* [DATA SECTION]:
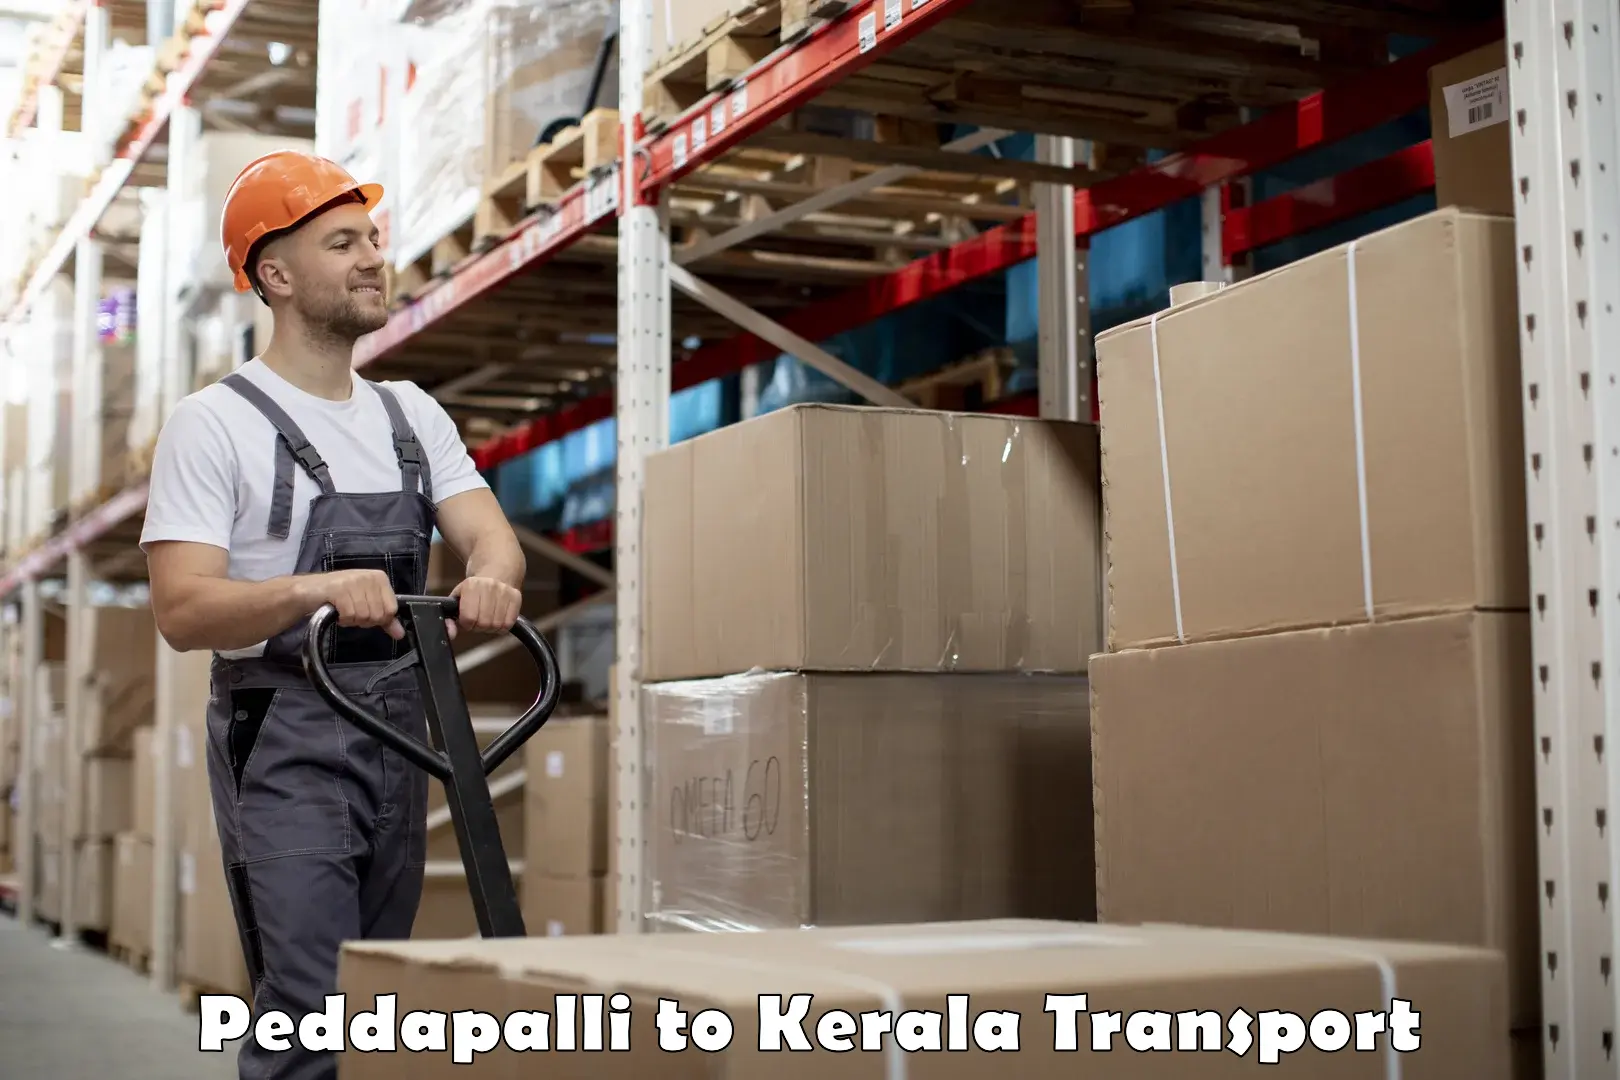 Nearby transport service Peddapalli to Thrissur
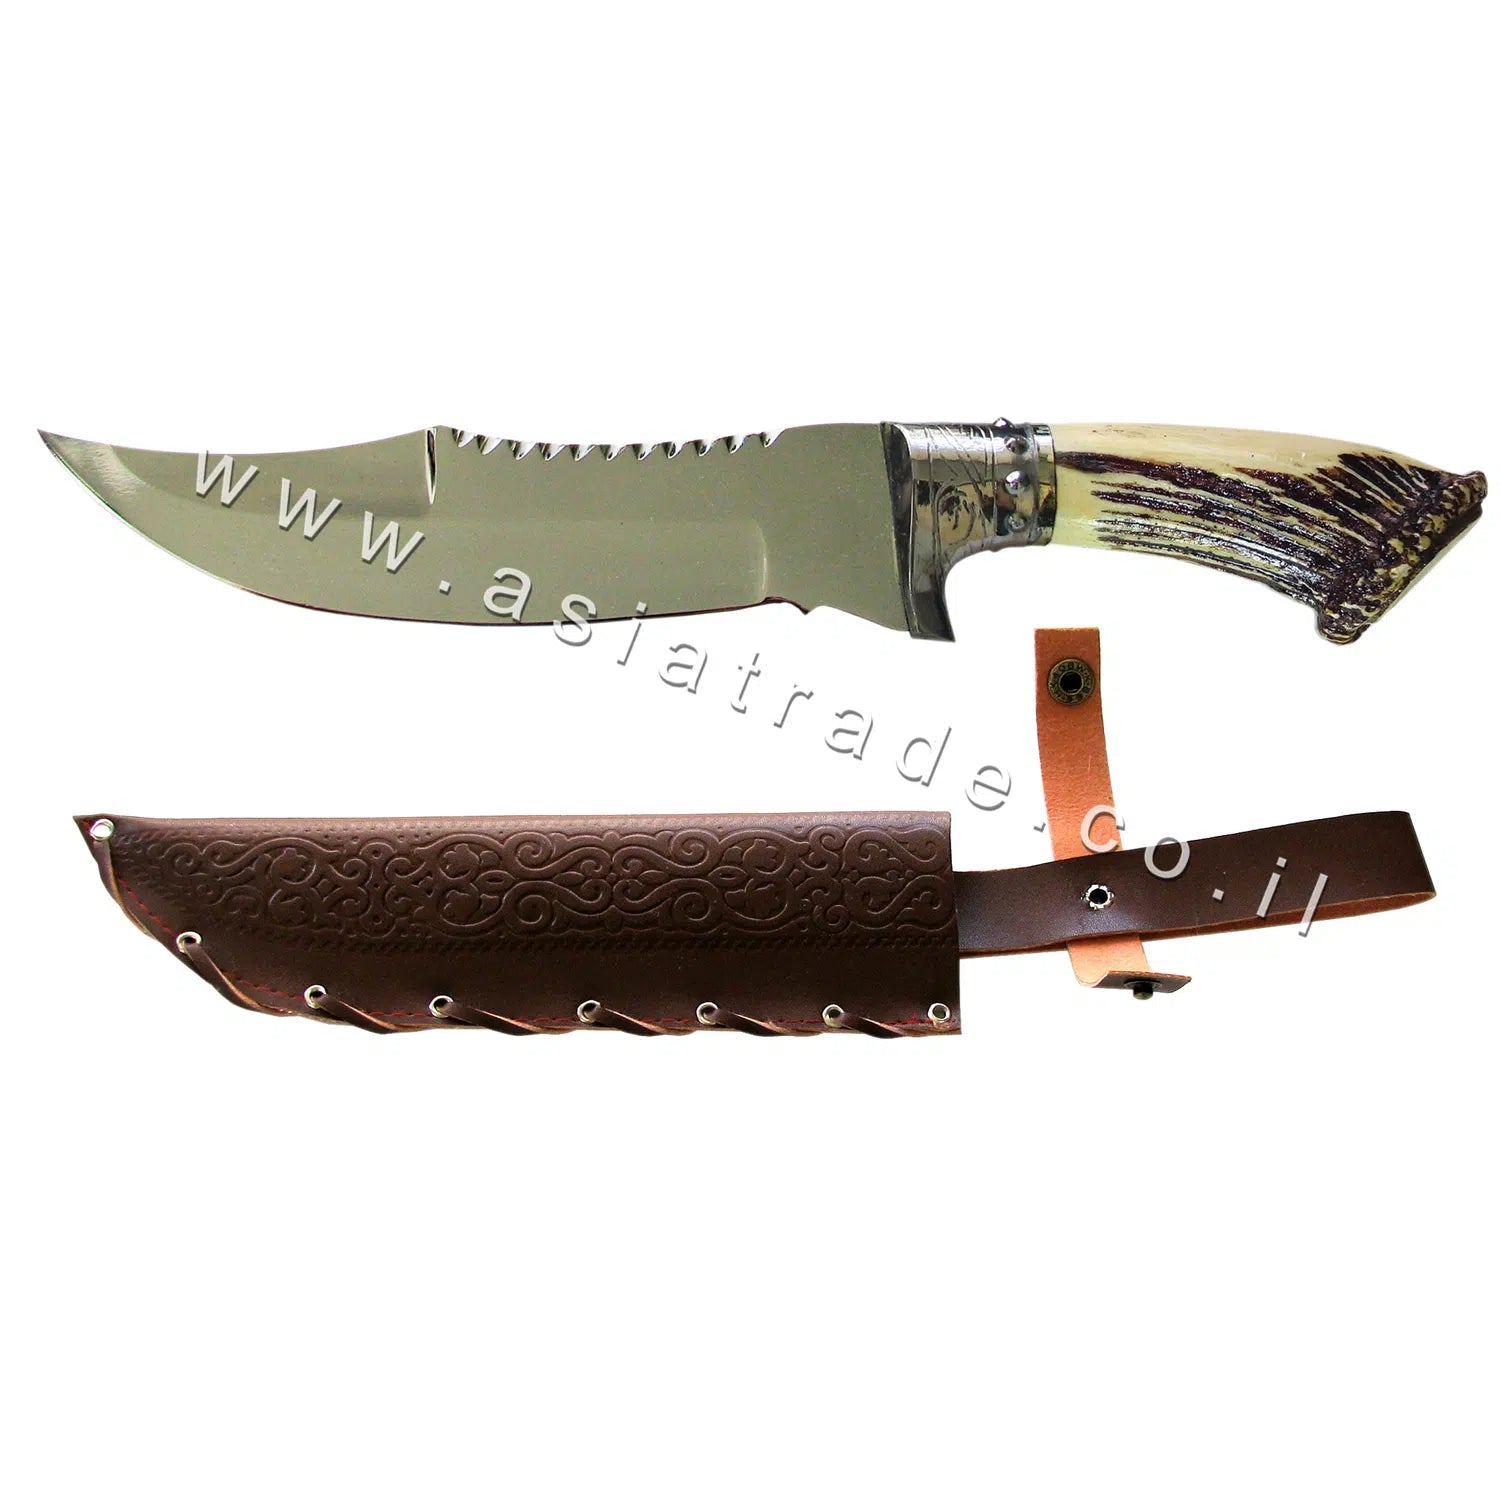 Узбекский нож ручной работы, Пчак - CHUST 1122
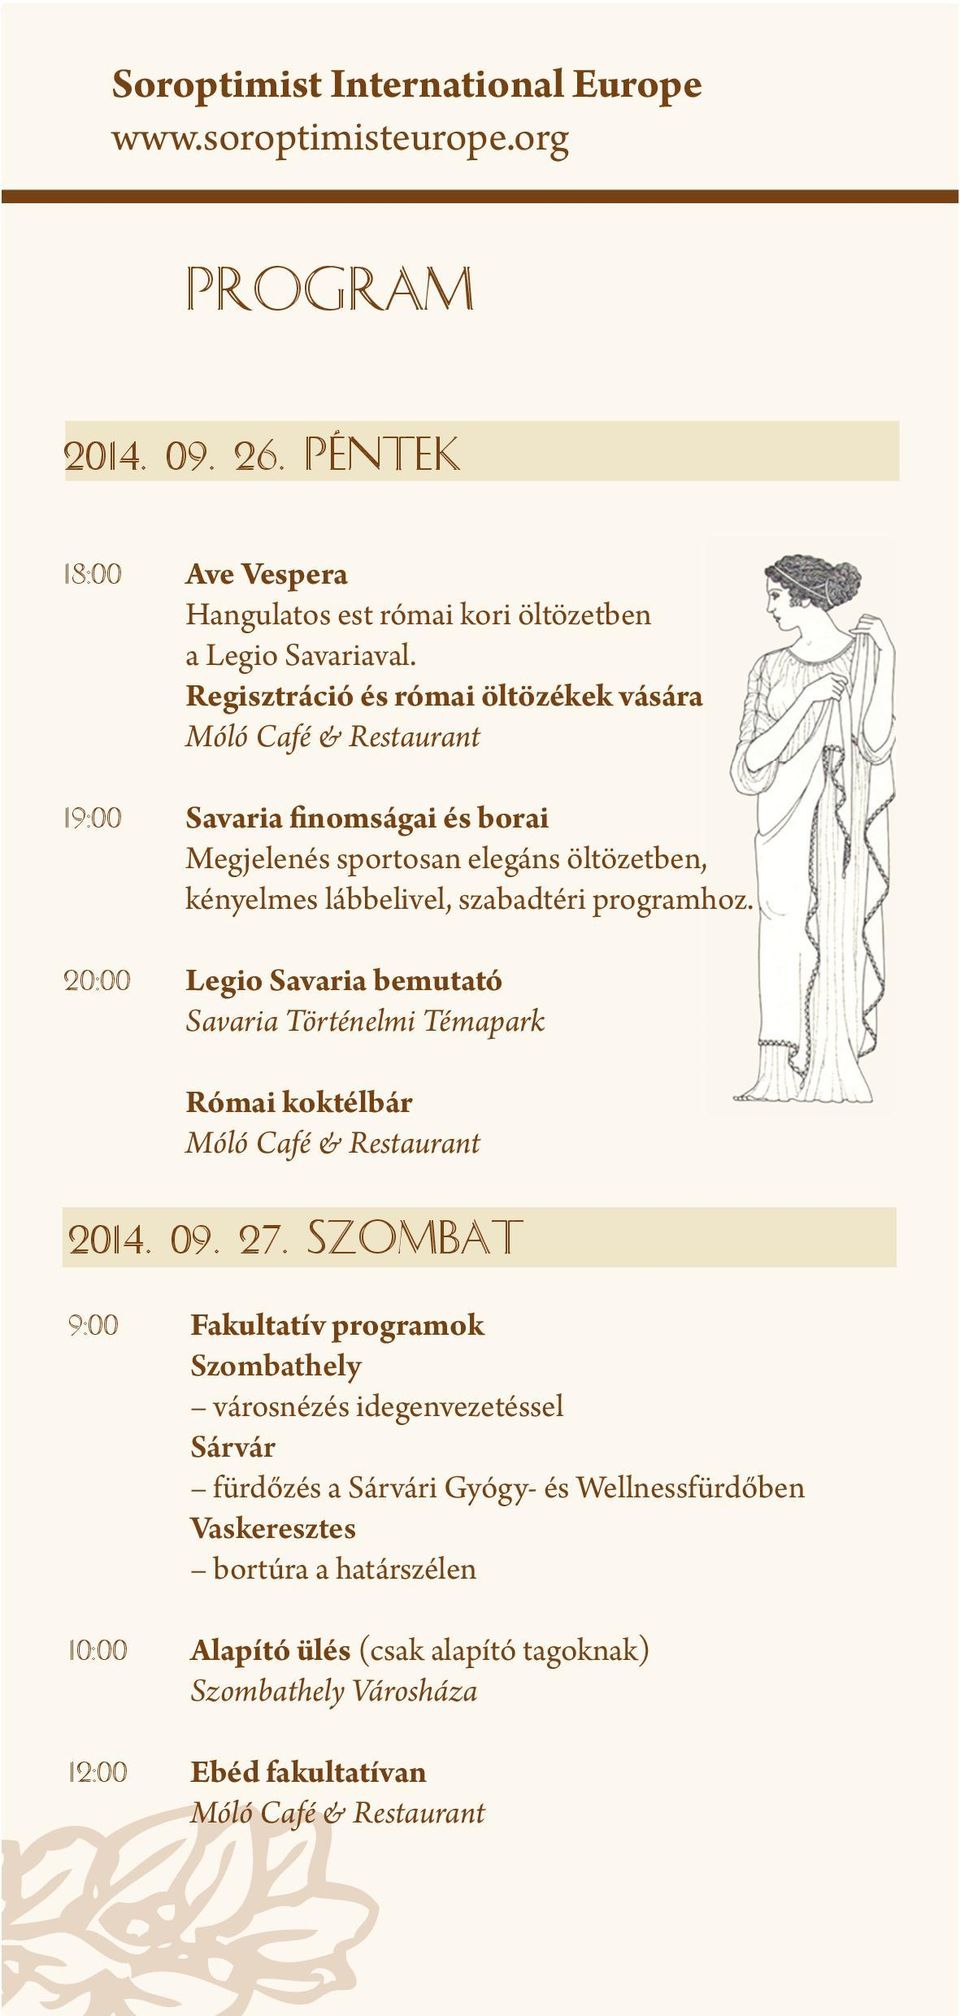 20:00 Legio Savaria bemutató Savaria Történelmi Témapark Római koktélbár Móló Café & Restaurant 2014. 09. 27.

* [TASK DIRECTIONS]: Each line from the one holding "Узбекский нож ручной" through the final line of the data needs to be transcribed exactly. Include both ends, skip the pictures, and add nothing.

* [FINAL ANSWER]:
 Узбекский нож ручной работы, Пчак - CHUST 1122
 20:00 Legio Savaria bemutató Savaria Történelmi Témapark Római koktélbár Móló Café & Restaurant 2014. 09. 27.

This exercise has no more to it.